Evolving your network architecture to reduce latency and securely deliver better connectivity — whether you do that with 5G, Wi-Fi 6 and 7, or emerging satellite connectivity — is key to support hybrid and remote work, but AI will further drive secure edge computing and network requirements.

Plus, falling prices are driving the transition to all-flash object storage systems, offering database performance, which will be beneficial to handle the large datasets integral to AI workloads that necessitate rapid throughput and scalability, and will also cater to insatiable data appetites and rapid access demands of AI-driven operation, says Steve Leeper, product marketing VP at data management software company, Datadobi.

In general, he adds, CIOs need to think about the hardware infrastructure for the AI processing pipeline, starting with the amount and class of storage, interconnecting networks, and GPU-farms for AI processing. And also data handling: identifying suitable datasets, quickly and accurately relocating data between points along the processing pipeline — meaning no silent data corruption — and ensuring AI processing results are also relocated to appropriate locations and classes of storage.

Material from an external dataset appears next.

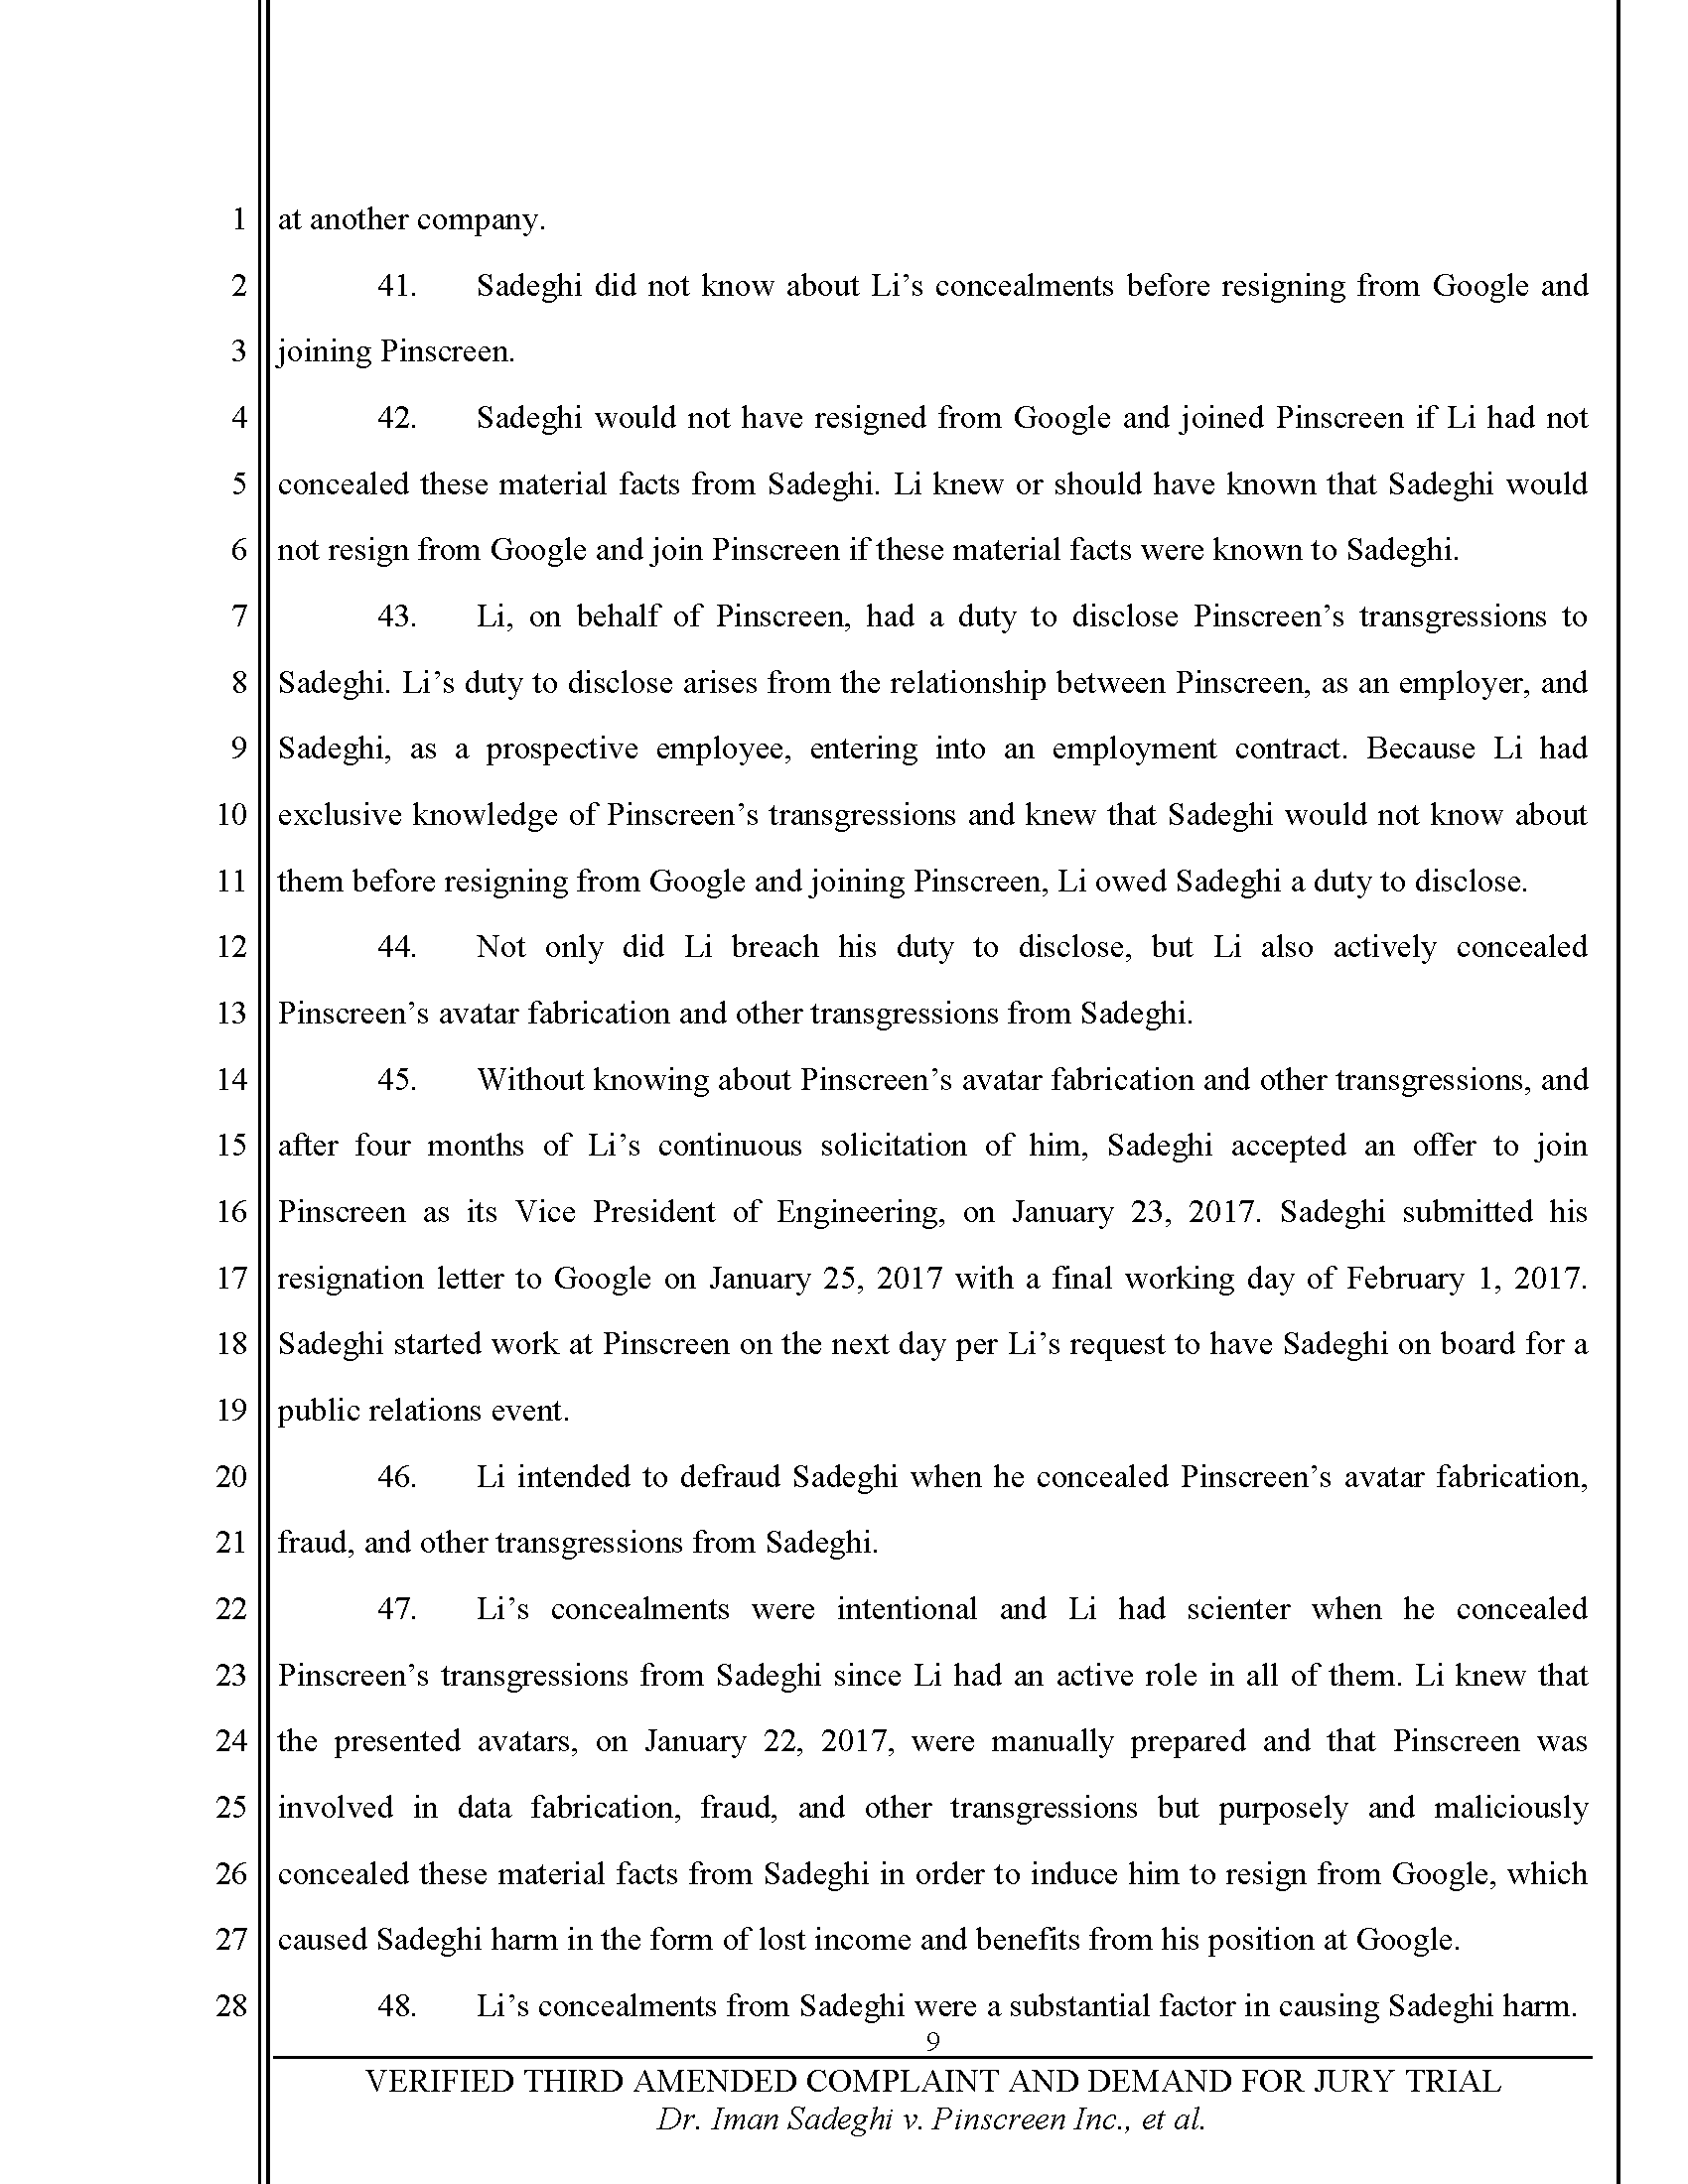 Third Amended Complaint (TAC) Page 10

Datasets for gen AI won’t always be huge, Leeper says. “There’ll be a mix of large and small datasets,” he says. “Some of these datasets contain critical data that, according to an organization’s governance policies, will need to be processed using on-premises resources.” Managing AI access to those datasets relies on the kind of traditional IT infrastructure management that CIOs are very familiar with, so making investment in those a priority this year will pay off for both.

“These are solved problems only if we apply the discipline we have,” adds Mann. “But too often they’re not solved because no one’s thought about the longer term implications so there’s no ownership.” But that might be changing. At the beginning of 2023, Gartner reported only 15% of organizations already have data storage management solutions that classify and optimize data. But by 2027, the analyst firm expects that to rise to at least 40%.